* **Task requirements**: Look through the material below and copy exactly the lines from the line with "Seal on the" to the line with "Celebrate your Curves", those two lines included.

* **Working data**:
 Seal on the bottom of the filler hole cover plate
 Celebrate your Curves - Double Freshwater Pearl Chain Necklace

* * *

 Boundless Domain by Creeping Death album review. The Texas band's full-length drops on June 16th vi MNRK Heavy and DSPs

* **Written solution**:
 Seal on the bottom of the filler hole cover plate
 Celebrate your Curves - Double Freshwater Pearl Chain Necklace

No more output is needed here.